=== Begin Enclosure ===

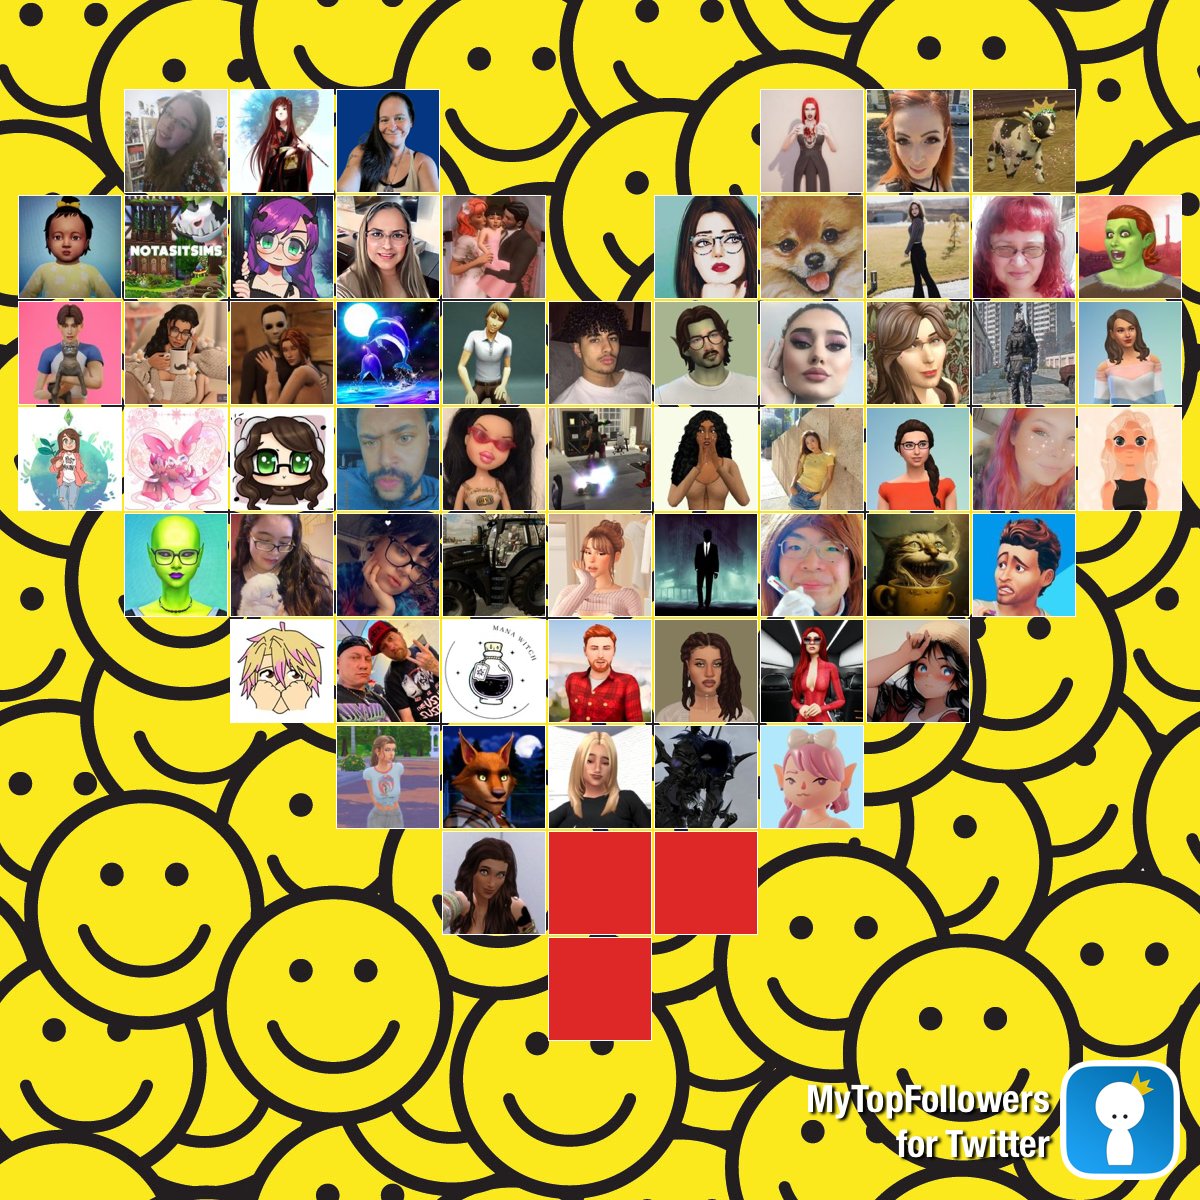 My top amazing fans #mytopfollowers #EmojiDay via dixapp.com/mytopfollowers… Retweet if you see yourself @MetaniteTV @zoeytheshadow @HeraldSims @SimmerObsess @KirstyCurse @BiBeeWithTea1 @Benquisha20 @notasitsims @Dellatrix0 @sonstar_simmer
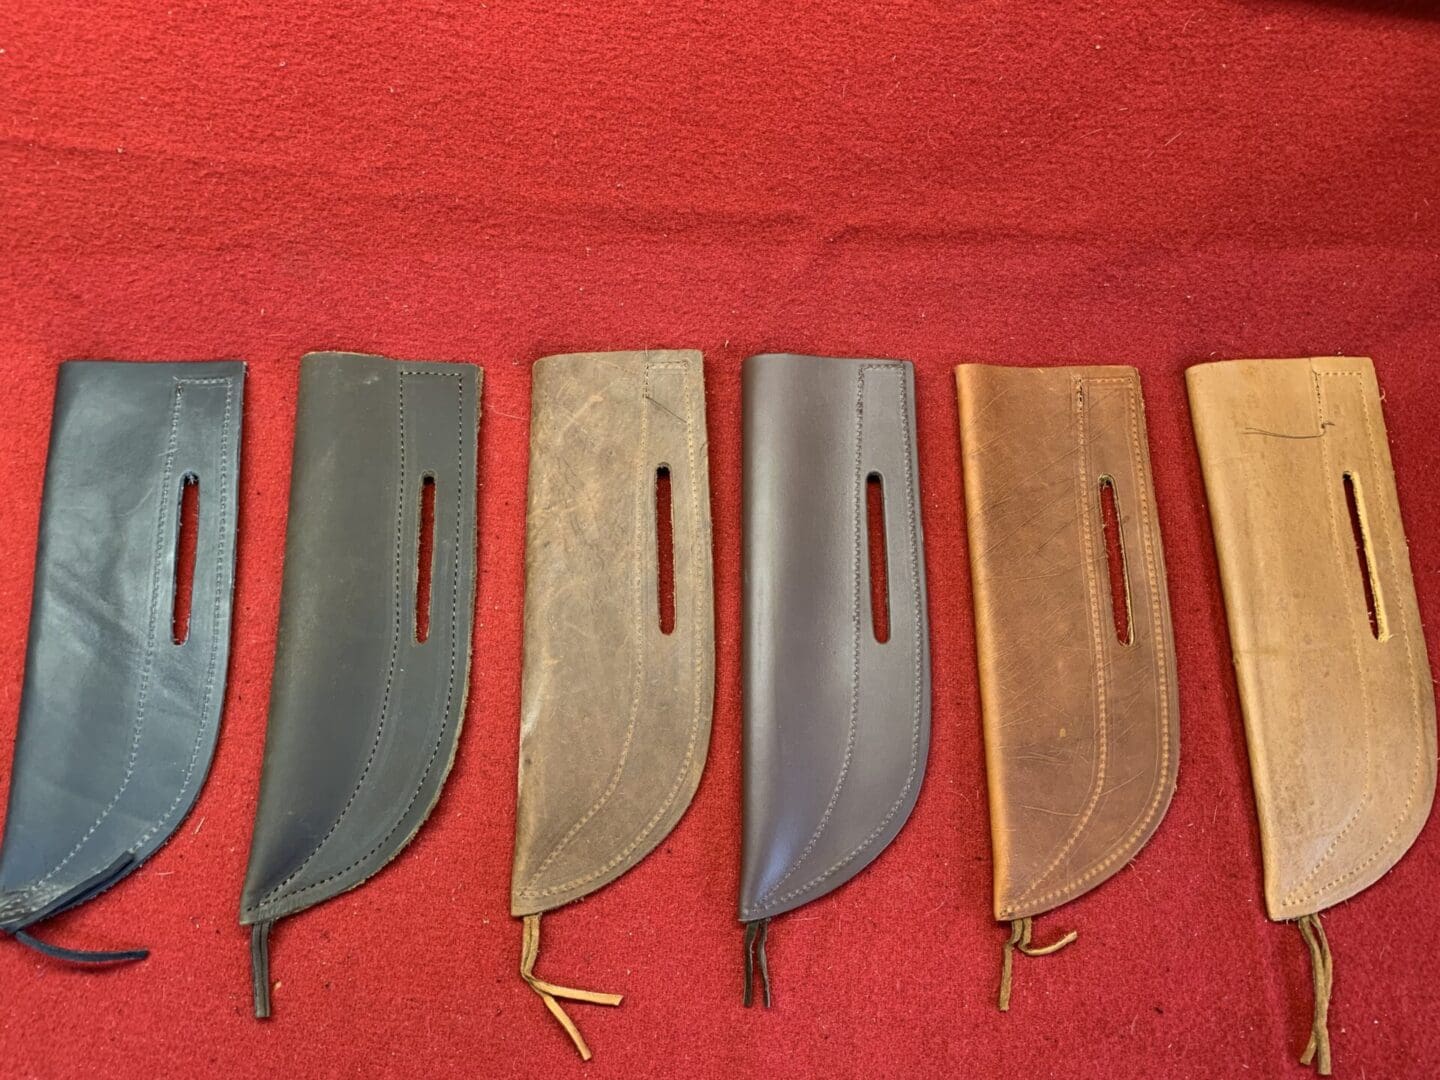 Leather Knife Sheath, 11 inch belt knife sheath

=== End Enclosure ===
=== Begin Enclosure ===

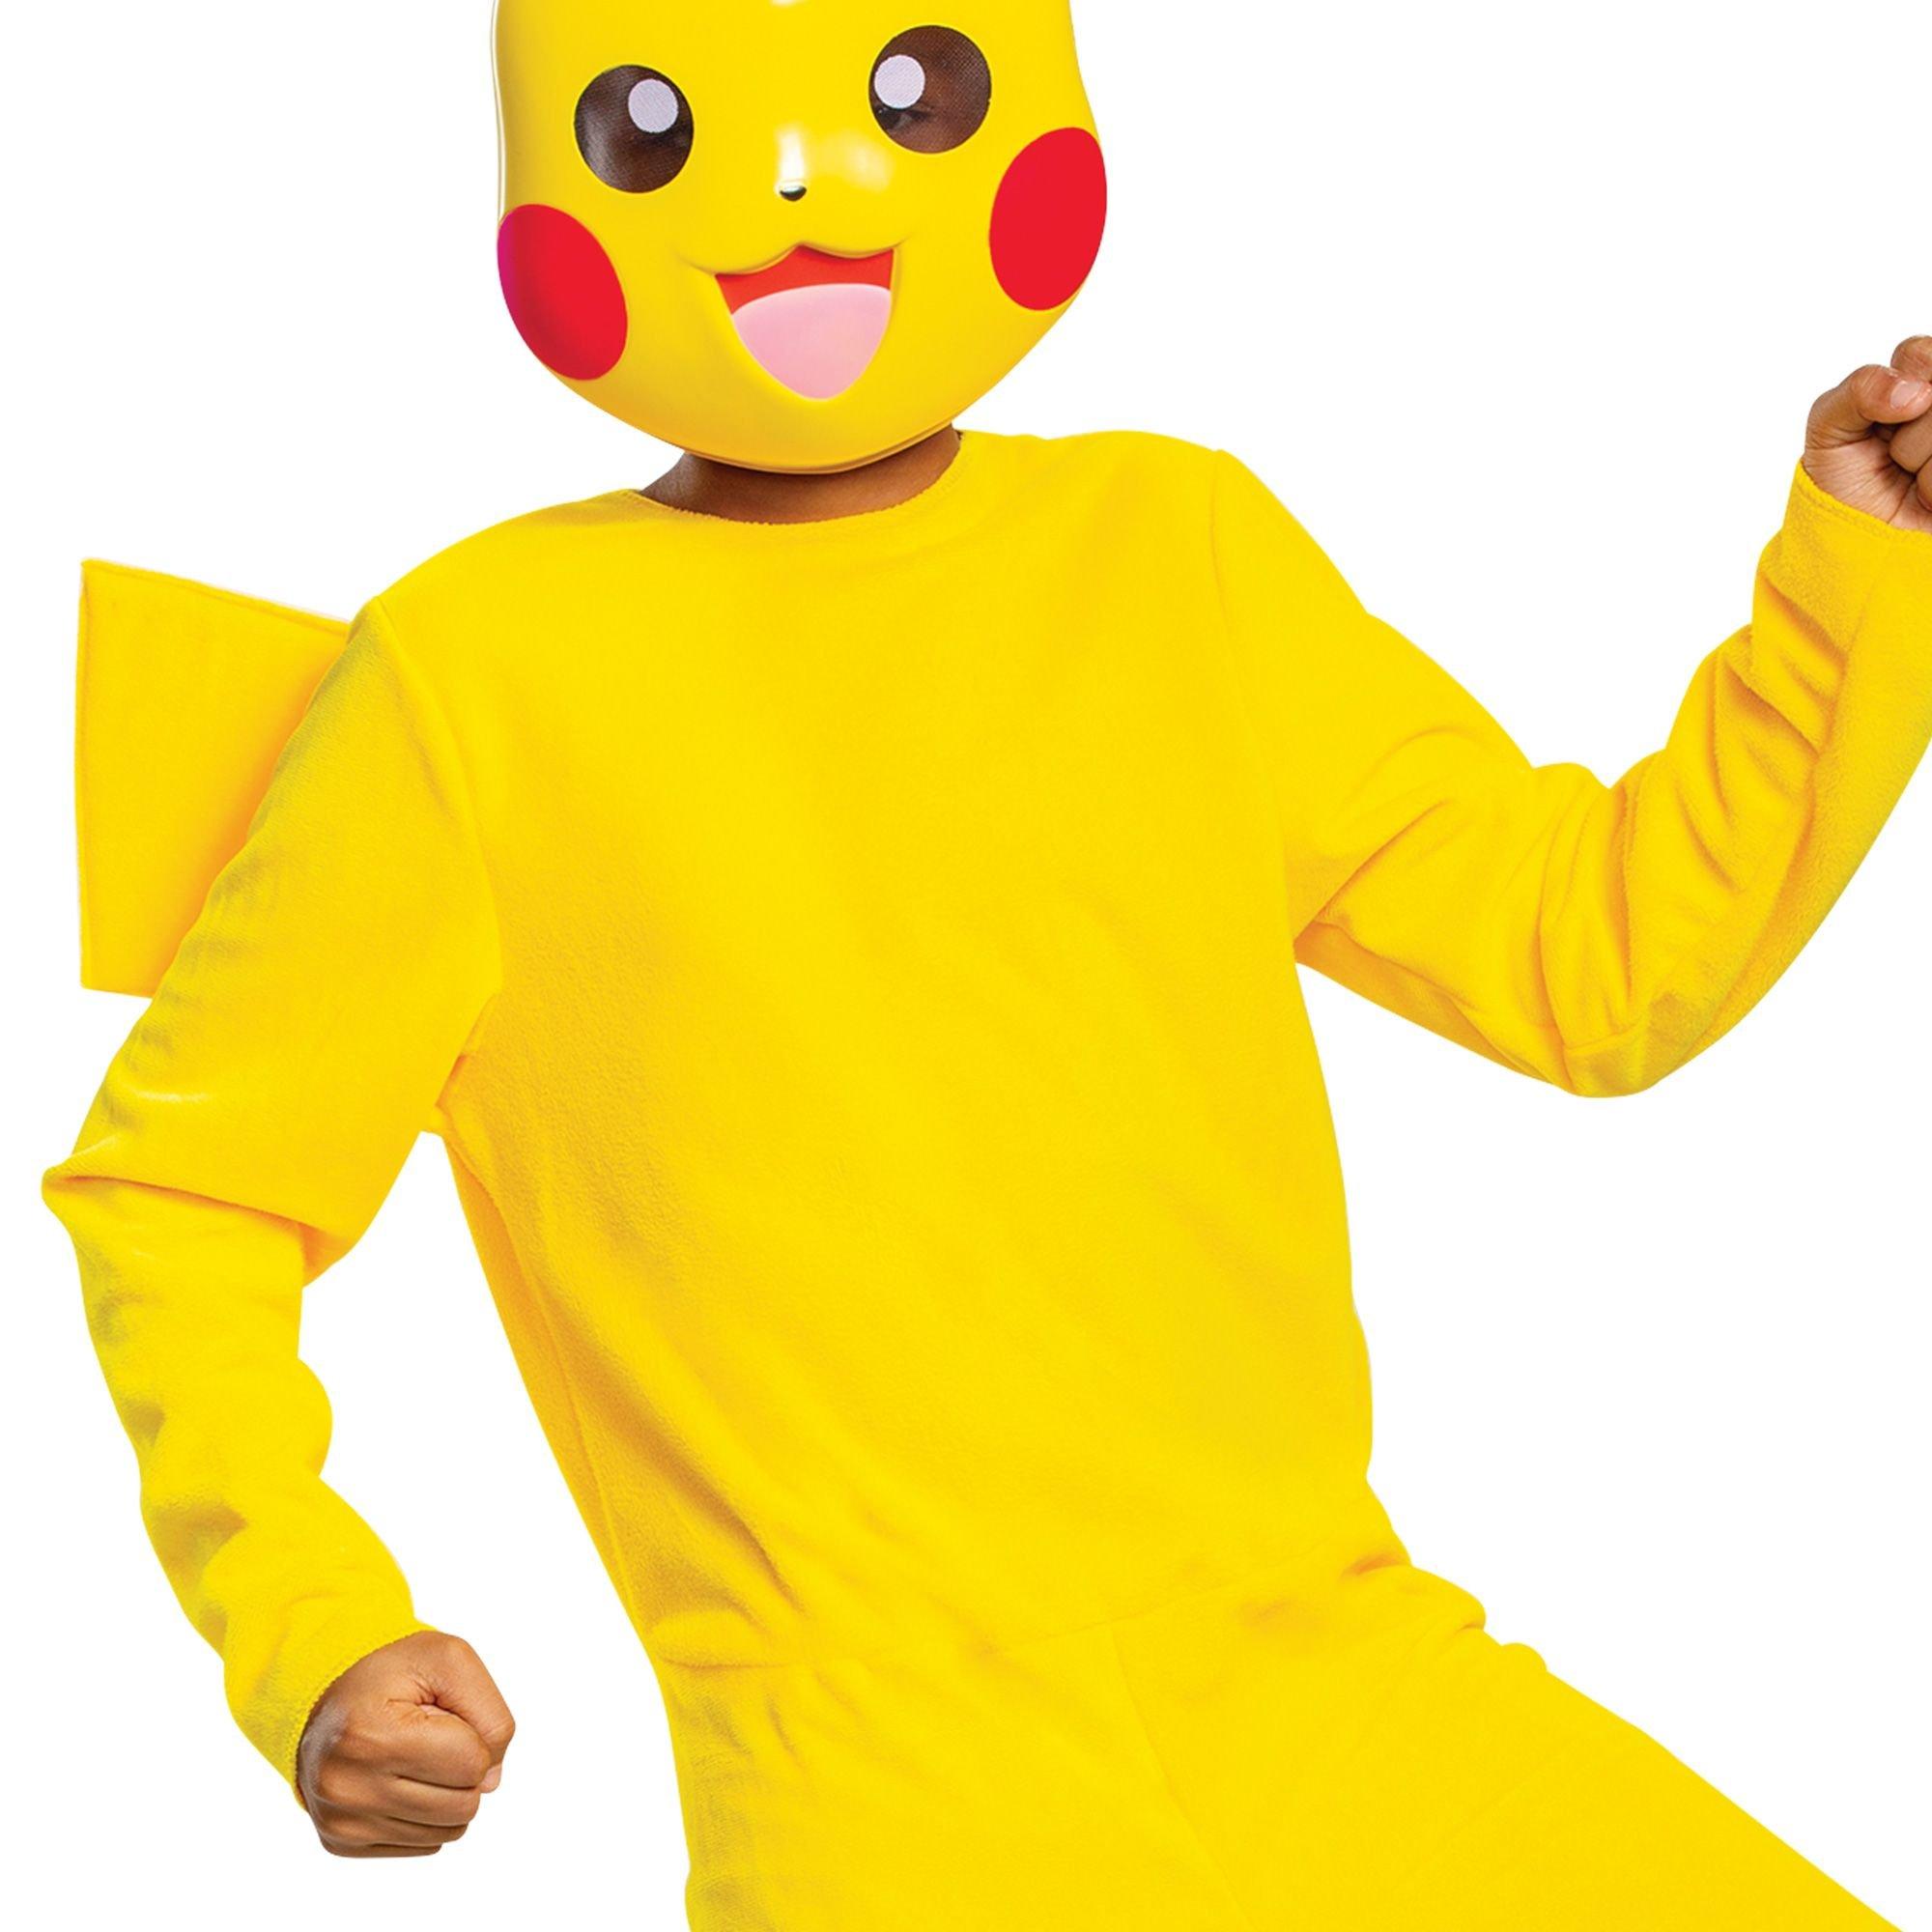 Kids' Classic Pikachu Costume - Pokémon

=== End Enclosure ===

■ **Task to carry out**: Within these entries, output exactly the lines starting at the one with "My top amazing" and finishing at the one with "Leather Knife Sheath, 11". Leave pictures out of the output.

■ **Final answer**:
 My top amazing fans #mytopfollowers #EmojiDay via dixapp.com/mytopfollowers… Retweet if you see yourself @MetaniteTV @zoeytheshadow @HeraldSims @SimmerObsess @KirstyCurse @BiBeeWithTea1 @Benquisha20 @notasitsims @Dellatrix0 @sonstar_simmer
 Leather Knife Sheath, 11 inch belt knife sheath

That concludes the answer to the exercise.